Wychodząc z założenia, że rzeczywiście literatura może, jak to pięknie ujął w swojej ostatniej książce Marek Nowakowski, człowiekiem potrząsnąć i go przyszpilić, powyższe pytanie jest piękne. Trudno mi wskazać tylko jedno dzieło, które zmieniało moje nastawienie do życia. Książek otwierających moje oczy było bowiem kilka… „Inny świat” Herlinga-Grudzińskiego, „Empire” Marka Nowakowskiego, „Mistrz i Małgorzata” Bułhakowa, „Nieznośna lekkość bytu” Kundery, „Mały książę” Exupery’ego… Jednak jest taka, do której mam szczególny, wręcz nabożny stosunek. To „Bezludne wyspy” Waldemara Łysiaka. Przeczytałam ją po raz pierwszy w 1994 roku… Oto jej fragmencik:
„Społeczność zaludniająca karty książek poślubia czytelnika, staje się jego partnerem w sypialni i przy stole, rodziną, gdy samotność uwiera jak cierń. Nie wszystkich i nie zawsze może to zadowolić, ale praktykuje się ten sposób. Nawet kobiety. Nawet najpiękniejsze. Nawet jeśli mają mało czasu na czytanie. Najpiękniejsza z pięknych, Catherine Deneuve, w odpowiedzi na pytanie Michela Fielda, dlaczego kupuje więcej książek niż czyta……..”
Chcecie znać odpowiedź tej aktorki? Sięgnijcie po „Bezludne wyspy” Łysiaka:)
2. Książka, która tak bardzo Ci się nie podobała, że ją odłożyłaś.
Niedawno z nudów poddałam się przy "Falach" Virginii Woolf… Zdobyłam tę książkę w trakcie krakowskiej akcji wietrzenia domowych bibliotek. Chętnie więc przy następnej okazji oddam ją do wymiany.:)
Nie wiem, czy kiedykolwiek zdecyduję się na sięgnięcie innej powieści tej pisarki, choćby "Pani Dalloway"…
3. W której książce przeczytałaś pierwszy raz opis jakiejś sceny erotycznej?
Zdaje się, że w „Popiołach” Żeromskiego…
4. Cytat, który mógłby wisieć nad Twoim łóżkiem?
W czasie studiów wisiał nad moim łóżkiem cytat z Calderona. To był wpływ zajęć z literatury hiszpańskiej.
Czym jest życie? Szaleństwem?
Czym życie? Iluzji tłem,
Snem cieniów, nicości dnem.
Cóż szczęście dać może nietrwałe,
Skoro snem życie jest całe
I nawet sny tylko snem!
5. Szlachetny d'Artagnan, nieokrzesany Bohun, hulajdusza Grek Zorba, czy prostolinijny, twardo stąpający po ziemi Bogumił Niechcic z "Nocy i dni" - który zdobyłby Twoje serce?
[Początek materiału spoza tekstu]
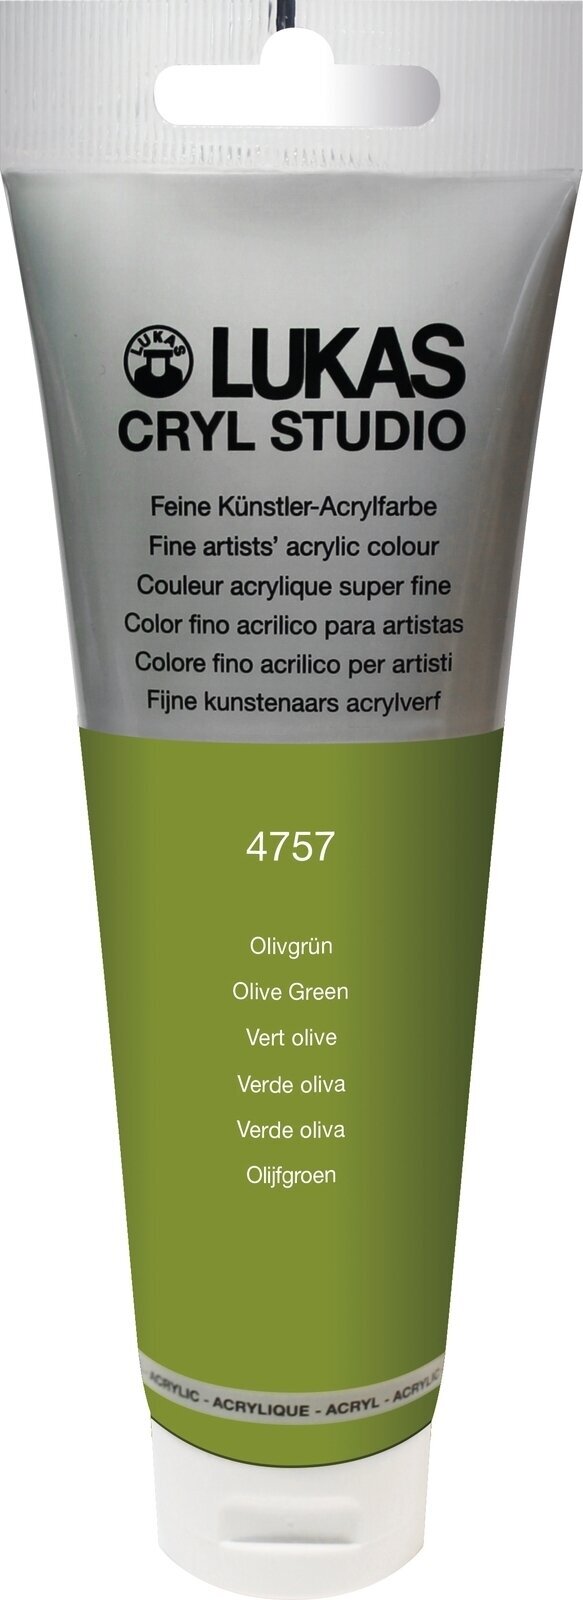 Peinture acrylique Lukas Cryl Studio Acrylic Paint Plastic Tube Peinture acrylique Olive Green 125 ml 1 pc

Rozważny i romantyczny Bogumił Niechcic.:)
6. Jane Eyre, Barbara Niechcic, Ania Shirley, czy Scarlett O'Hara - która z bohaterek mogłaby być Twoją przyjaciółką?
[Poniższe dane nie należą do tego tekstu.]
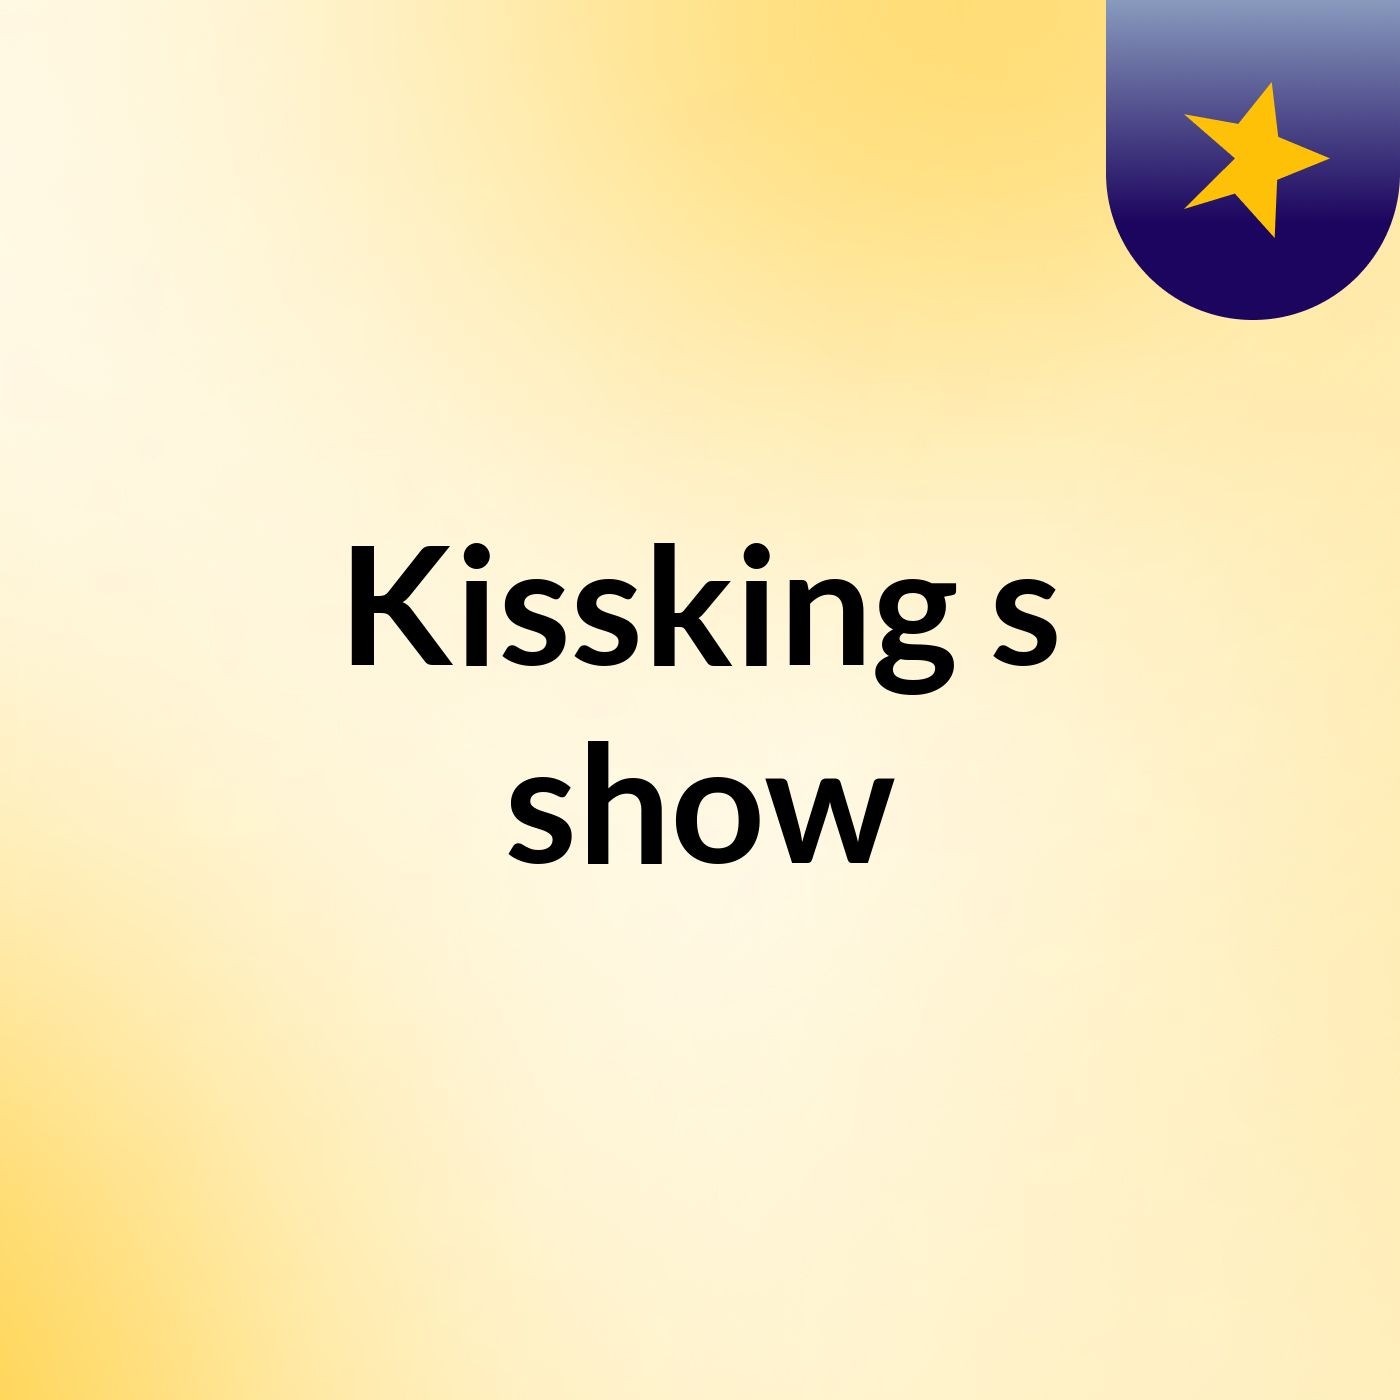 Kissking's show

Ania Shirley – nieustannie tryskająca energią, zarażająca optymizmem, choć czasami jej zachowania mogłyby mnie irytować, szczególnie owa skłonność do zamartwiania się, ale w przyjaźni akceptuje się drugiego człowieka takim, jakim jest, prawda?
7. Ulubiony kryminał to...
Nie mam takiego…
8. Fantastyka - tak, nie, zdecydowanie tak, zdecydowanie nie, czy czasami?
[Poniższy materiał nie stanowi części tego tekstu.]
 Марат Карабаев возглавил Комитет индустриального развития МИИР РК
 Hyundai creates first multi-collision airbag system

Czasami. Dla mnie książki muszą być blisko życia ze wszystkimi jego odcieniami.
9. Ulubiona ekranizacja to...
„Pożegnanie z Afryką” z Meryl Streep i Robertem Redfordem. A i jeszcze muszę wspomnieć o „Smażonych zielonych pomidorach”. Ta ostatnia adaptacja jest, moim zdaniem, lepsza od powieściowego oryginału.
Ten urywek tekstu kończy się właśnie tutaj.